Теперь Скворцовский понял, почему Пономарь вопреки своим привычкам пошел на дело выпившим и навязчиво предлагал выпить ему. Не случайным было и то, что он приказал вытащить кошелек из кармана жертвы именно ему. Гришка был прав – совершенное преступление связывало их крепче веревки. Вячеслав думал, что сказать в ответ, но в это время они подошли к «малине». Это был небольшой одноэтажный, но добротный деревянный дом с застекленной верандой, искусно украшенный кружевными деревянными причелинами с полотенцами. Узковатые окна жилища обрамляли резные наличники. Резьба была и на карнизе над входом. Дом принадлежал Антонине Спиридоновне Левашовой по кличке Тонька Песня. Песней ее прозвали за нескончаемое желание петь, особенно частушки.
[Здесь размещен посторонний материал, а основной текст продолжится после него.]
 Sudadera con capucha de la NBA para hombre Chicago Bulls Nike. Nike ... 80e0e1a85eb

За звонкий голос, веселый нрав и ладную фигуру выбрал ее в жены и привел в свой дом искусный тридцатилетний плотник Сергей Левашов, но, как оказалось, Тонькины достоинства на умении петь и заканчивались, поскольку хозяйкой она оказалась никудышной и женой неверной, за что Господь обделил ее возможностью рожать детей. Левашов немало страдал от этого, но все же крепко надеялся на появление потомства. Так и не дождался. Через три года после свадьбы его зарезали в пьяной драке. Дом и хозяйство перешли к Тоньке, которая недолго горевала по усопшему супругу и вскоре стала вести разгульную жизнь, впала в распутство и пошла, как разменная монета, по похотливым мужским рукам. Она почти никому не отказывала в гостеприимстве и интимной близости, поэтому-то члены преступной группы, возглавляемой Гришкой Пономарем, напропалую пользовались ее доступностью и добротой. Зачастую не безвозмездно, немало перепадало ей от воровского прибытка и щедрости то продуктами, то одеждой, а порой и украшениями. Помогала она и со сбытом краденого. Относила добытое бандой добро барыжнице тете Клаве.
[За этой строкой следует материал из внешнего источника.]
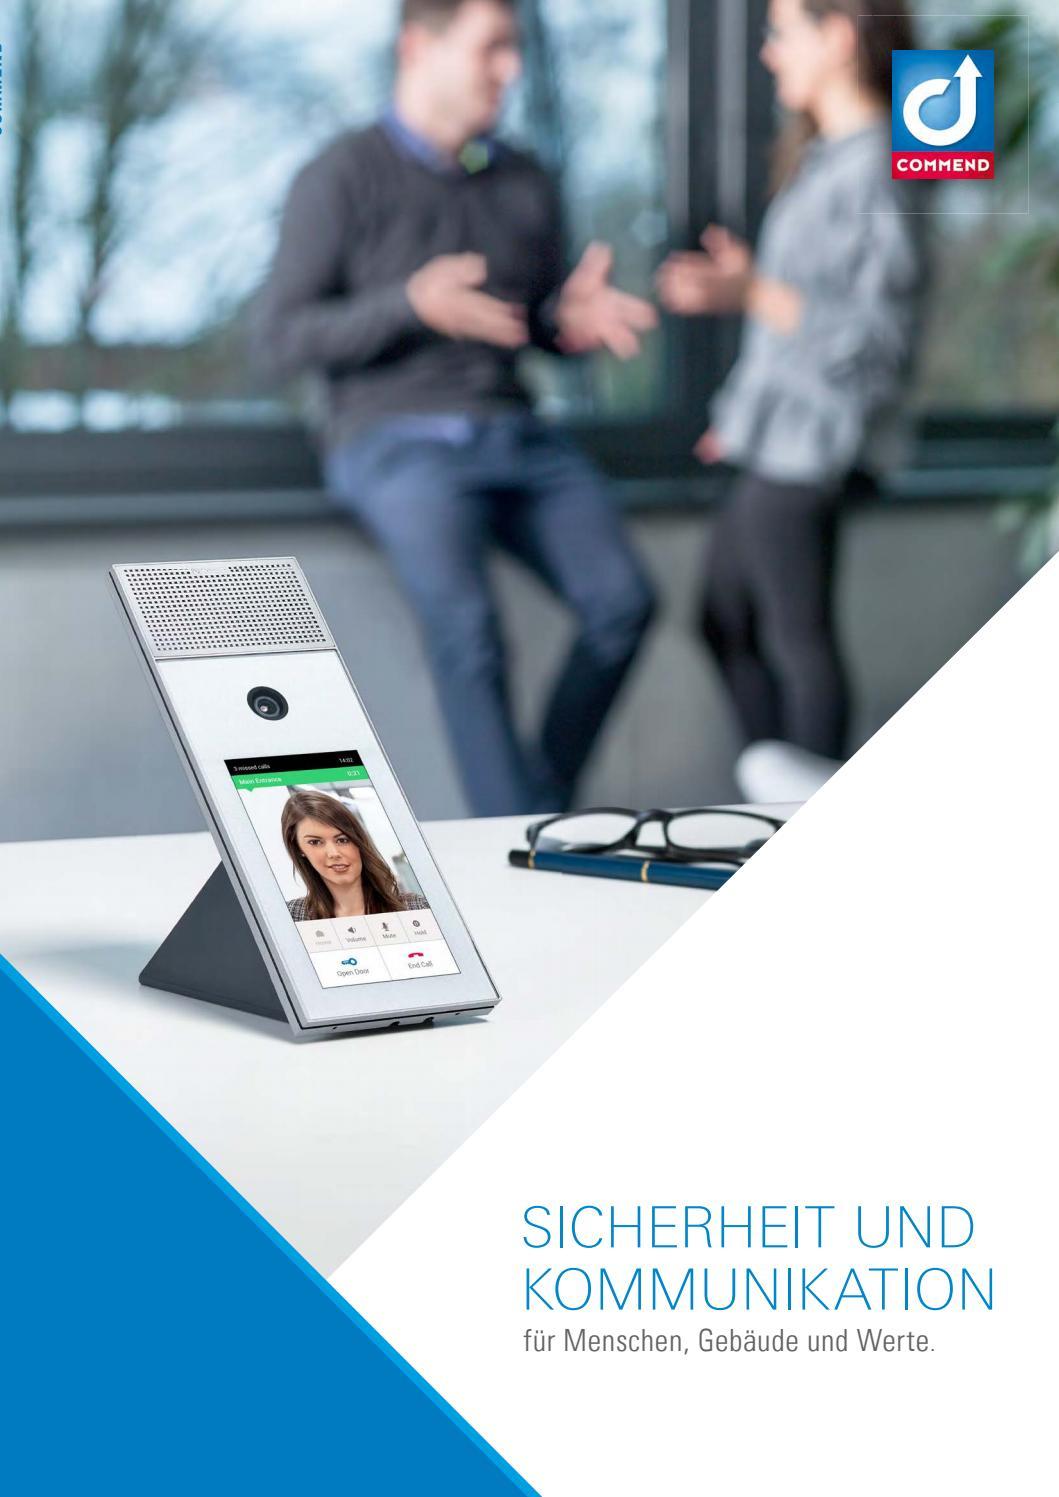 Commend Produktkatalog 2018/2019 – DEUTSCH by Commend International ...

Аккуратные наружные ставни на окнах были плотно закрыты, но между створками пробивался тусклый свет. Значит, хозяйка находилась дома. Пономарь три раза с короткими промежутками постучал в одну из ставен и направился к воротной калитке, отворив ее, прошел мимо сарая к дверям. Скворцовский следовал за ним.
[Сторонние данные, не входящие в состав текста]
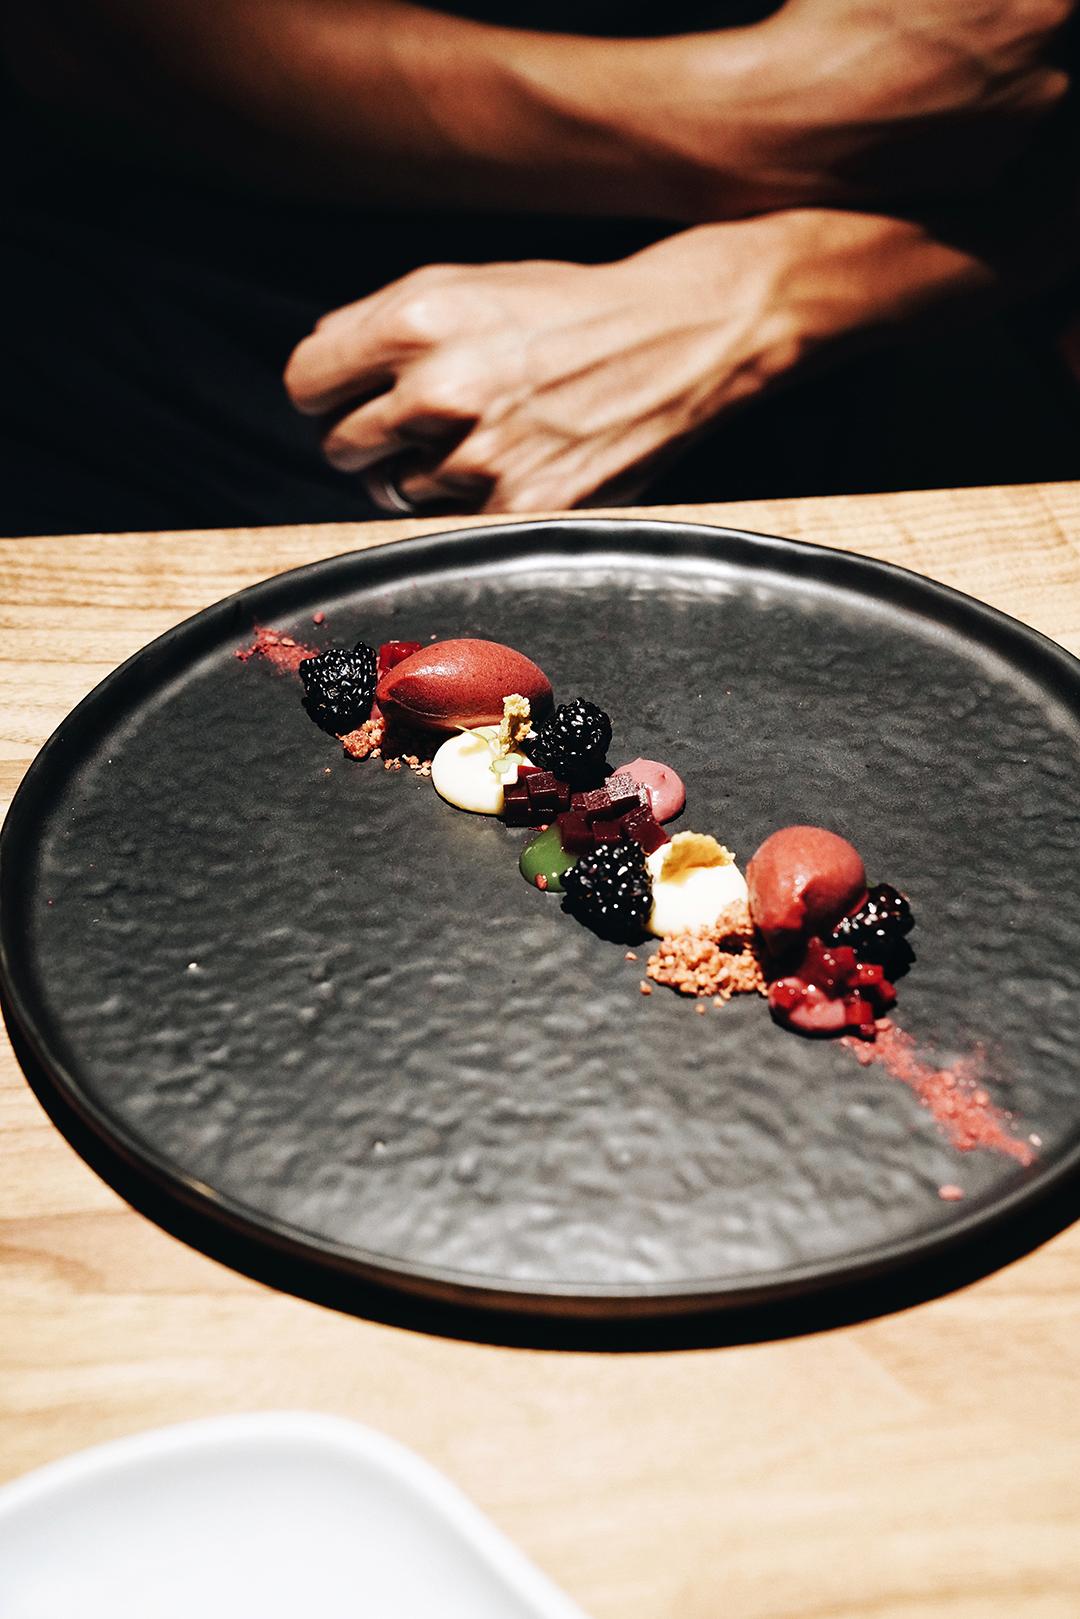 Blackberry textures and celery

Гостей разбитная двадцативосьмилетняя бабенка с густыми распущенными светло-русыми волосами и плутовскими зеленоватыми глазами встретила навеселе и с частушкой:
Я миленочка ждала,
Маялась, томилась.
Честь ему я отдала,
А потом напилась.
Скворцовскому на пьяную Тоньку смотреть было неприятно, а ведь когда-то она стала первой женщиной, с которой он переспал. До Левашовой у него была только детдомовская Машка, с которой дальше поцелуев дело не дошло. Пономарь, приплясывая, ответил Тоньке словами песни из недавно показанного во всех кинотеатрах страны фильма «Трактористы»:
Здравствуй, милая моя,
Я тебя дождалси,
Ты пришла, меня нашла,
А я и растерялси.
Отбив чечетку подошвами «прохорей» – сапог, сжатых «в гармошку» особым способом, Гришка подался в сторону, открывая Песне вид на стоящего за его спиной Скворцовского. Тонька поправила накинутую на покатые плечи вязаную темно-серую шаль, удивленно посмотрела на Вячеслава, всплеснула руками:
– Ой, Скворушка! Какими судьбами! А я тебя сразу и не признала. Возмужал. Вона какой красавец стал. Я бы с таким сразу в постель легла. Небось теперь краснеть не будешь, когда меня раздетую увидишь. – Тонька медленно приподняла подол цветастого ситцевого платья, оголяя правую ногу чуть выше колена, хабалисто засмеялась, спросила: – Каким ветром тебя, милок, к нам занесло? Говорят, что ты на завод работать устроился, в стахановцы метишь. – Подмигнув Пономарю, задорно запела:
Мой миленочек стахановец,
Отличный сталевар,
Мясо купим – одни кости,
А от них какой навар?!
Лукаво поглядывая на Вячеслава, продолжала:
Мой миленочек стахановец,
Стахановка и я.
Не сведем концы с концами,
Хоть бездетная семья.
Пономарь положил руку на плечо Скворцовского.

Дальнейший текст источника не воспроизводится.